Default Model F1: 0.9861111111111112
Tuned Model F1: 0.9861111111111112


In [11]:
comparison = pd.DataFrame({
    "Model": ["Default SVM", "Tuned SVM"],
    "F1 Score": [
        f1_score(y_test, y_pred_default),
        f1_score(y_test, y_pred_tuned)
    ]
})

comparison


Unnamed: 0,Model,F1 Score
0,Default SVM,0.986111
1,Tuned SVM,0.986111


#  Hyperparameter Tuning using GridSearchCV


## Objective

The objective of this task is to improve model performance by tuning hyperparameters using GridSearchCV.

Hyperparameter tuning helps identify the best configuration for a machine learning model.


## Dataset Description

The Breast Cancer dataset was used for this task.

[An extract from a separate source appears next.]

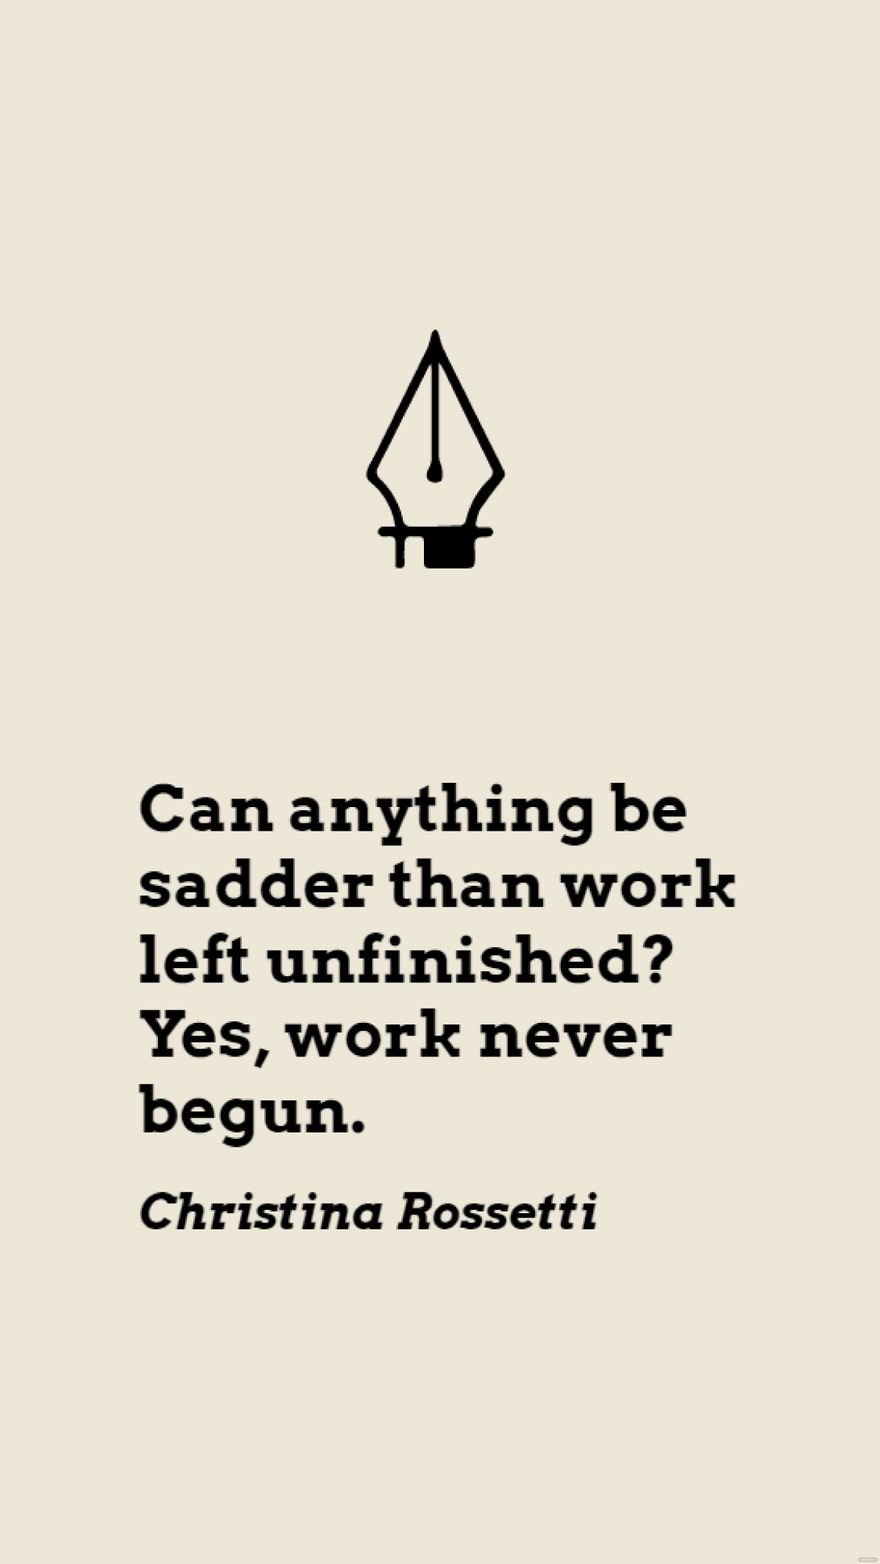 Christina Rossetti - Can anything be sadder than work left unfinished? Yes, work never begun.
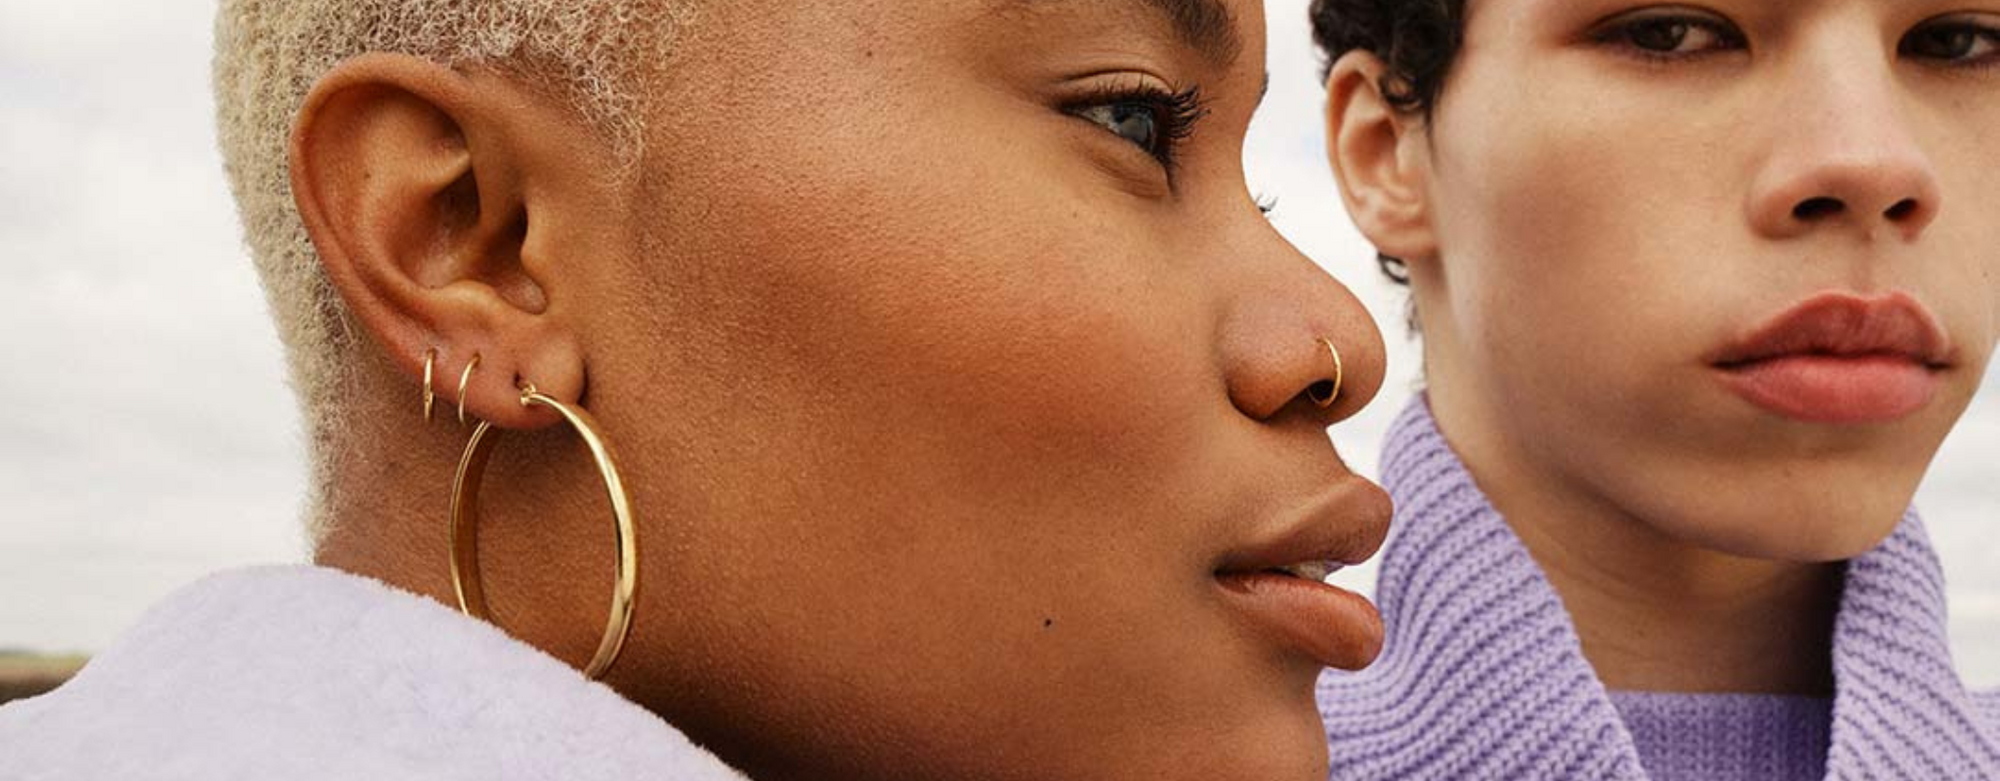 Photo of two people with ear piercings and nose piercings.

- Problem Type: Binary Classification
- Target Variable: Tumor diagnosis (Malignant or Benign)
- Features: Numerical tumor characteristics


## Why Hyperparameter Tuning?

Machine learning models have hyperparameters that control how they learn.

Instead of using default values, GridSearchCV tests multiple combinations to find the best-performing configuration.


## Train-Test Split

The dataset was split into training (80%) and testing (20%) data.

Hyperparameter tuning was performed only on the training data to prevent data leakage.


## Pipeline Creation

A pipeline was created to combine:

1. StandardScaler (for feature scaling)
2. Support Vector Machine (SVM) classifier

This ensures preprocessing and modeling occur together during cross-validation.


## Defining Hyperparameter Grid

The following hyperparameters were tuned:

- C (Regularization parameter)
- Kernel type (linear, rbf)
- Gamma (Kernel coefficient)

Multiple combinations were tested using GridSearchCV.


## GridSearchCV with Cross-Validation

GridSearchCV was applied with 5-fold cross-validation.

This means:
- The training data was split into 5 parts.
- The model was trained and validated 5 times.
- The average performance was calculated.

The best combination of hyperparameters was selected based on F1 Score.


## Best Parameters

GridSearchCV returned the best hyperparameter combination that maximized F1 Score.

These optimized parameters were used to build the tuned model.


## Model Evaluation

The tuned model was evaluated on the test dataset using:

- Accuracy
- Precision
- Recall
- F1 Score


## Performance Comparison

The performance of the default SVM model and the tuned SVM model was compared.

In this case, both models achieved similar F1 Scores.

This indicates that the default hyperparameters were already near-optimal for this dataset.


## Key Insight

Hyperparameter tuning does not always significantly improve performance.

In well-structured datasets, default parameters may already perform optimally.

GridSearchCV helps confirm model stability and optimal configuration.